Sometime either in 1945 or early in 1946, an association of businessmen, knowing that access to the Graham property would soon be an easy matter, decided the farm and certain other adjoining properties would be an excellent spot on which to build a greyhound dog-racing track. They began to prepare the foundation for acceptance of such a proposition by the townspeople.

William Graham farm South Bedford Street Burlington MA
The Graham farm on South Bedford Street

Burlington was a conservative community and the mere thought of allowing racing and betting within the town raised the ire of many a long-time resident here. But others picked up the idea as a way to raise revenue and tried to promote the proposed track in every way possible.

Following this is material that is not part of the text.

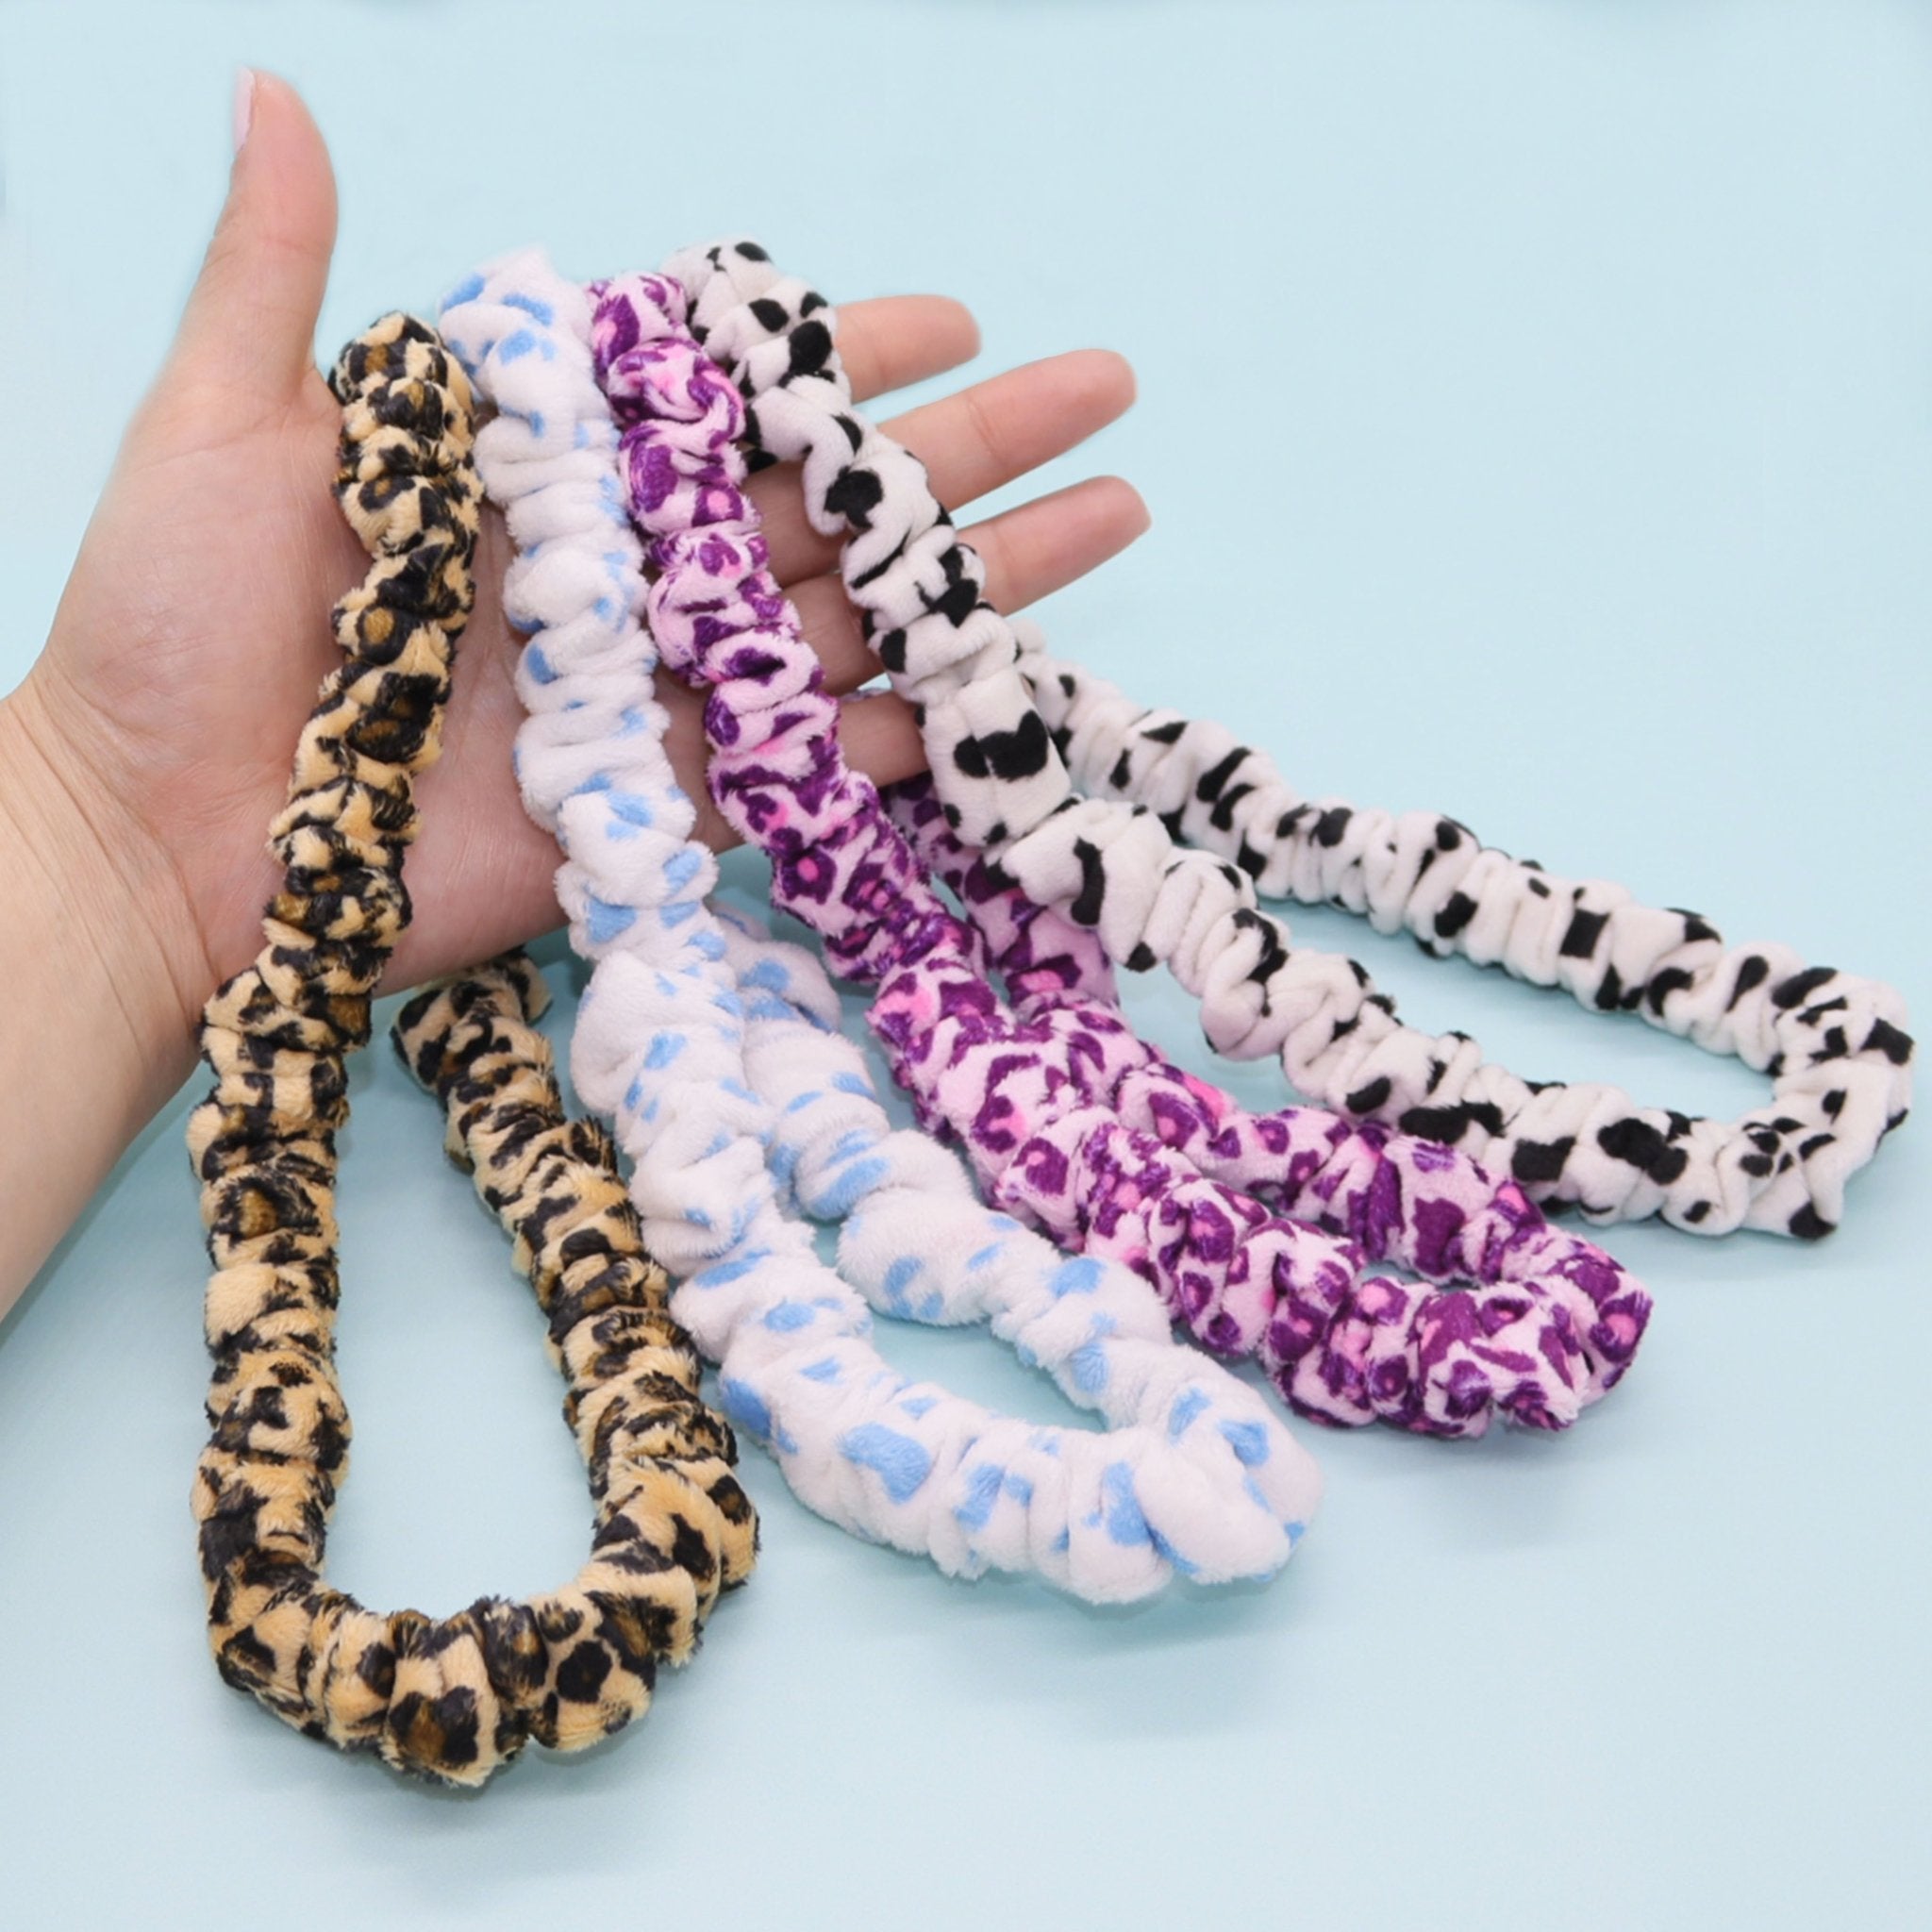 Animal Print Scrunchie Headbands - 4 Pack Cheetah & Cow - FROG SAC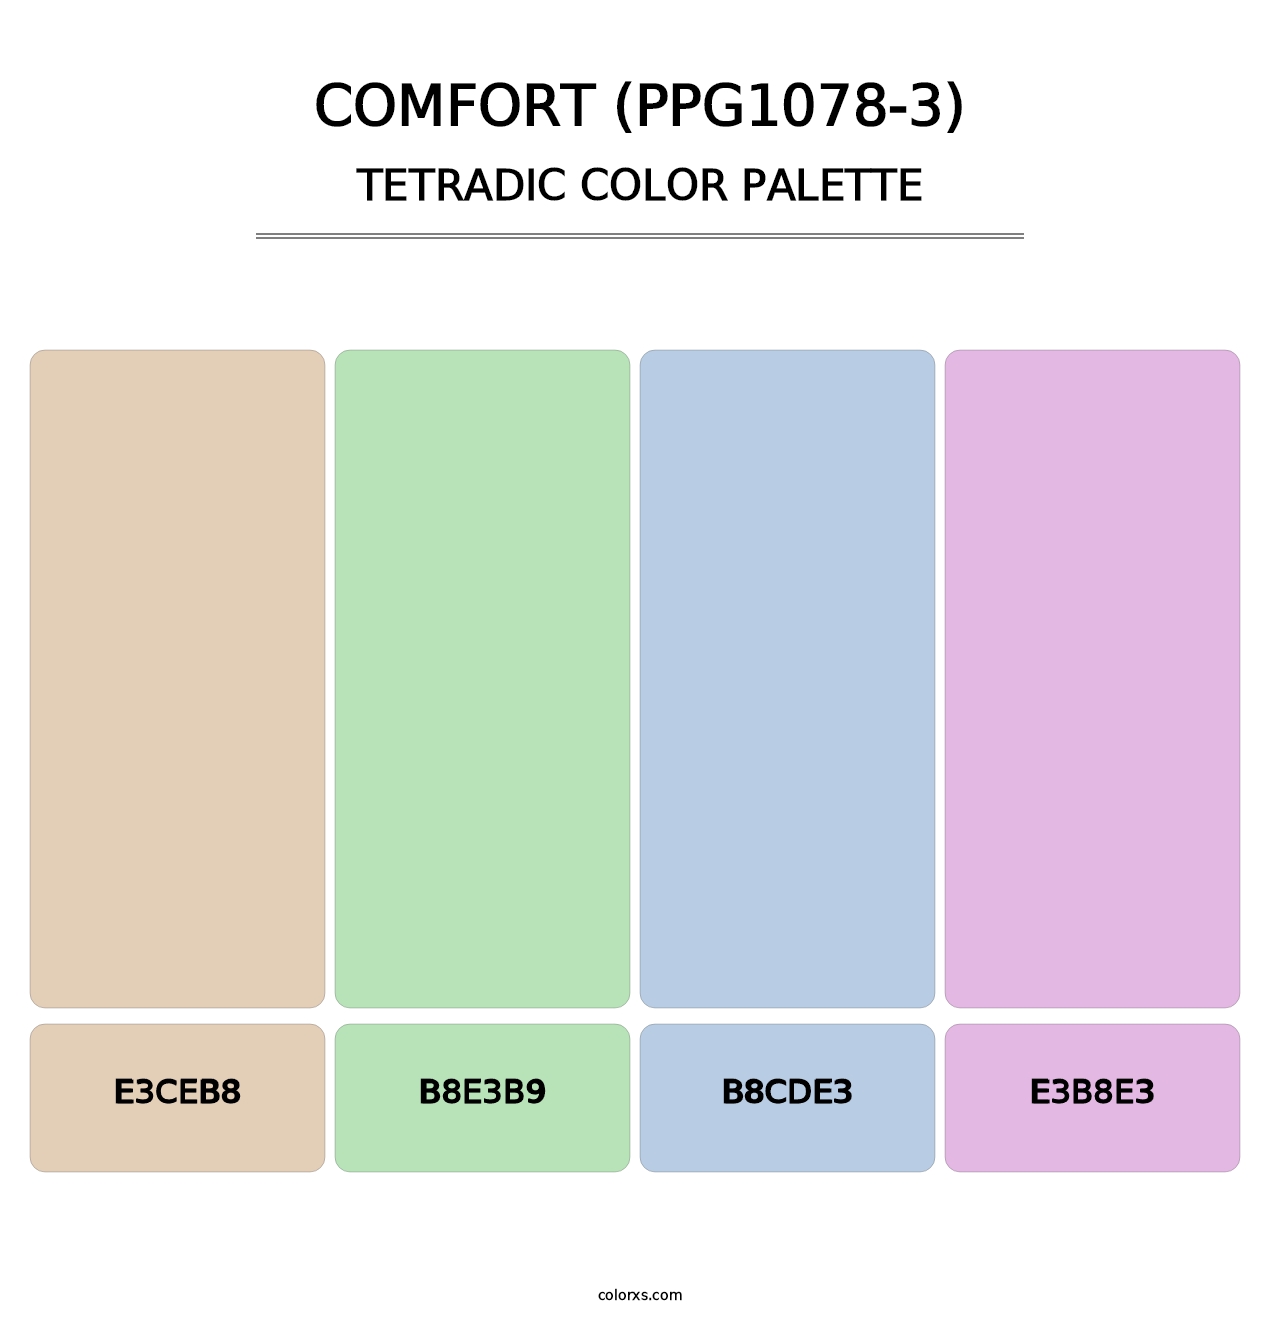 Comfort (PPG1078-3) - Tetradic Color Palette

To do this, the Burlington Improvement Association was formed. Its officers were Timothy Regan, president; Fred Williams, first vice president; Henry Rogers, second vice president; Frank Welch, treasurer; Tom Murray, recording secretary; and Mary Bennett, executive secretary. The new organization invited everyone to join and embarked upon a series of weekly or bi-monthly reports, which were mimeographed and became available to everyone in the community.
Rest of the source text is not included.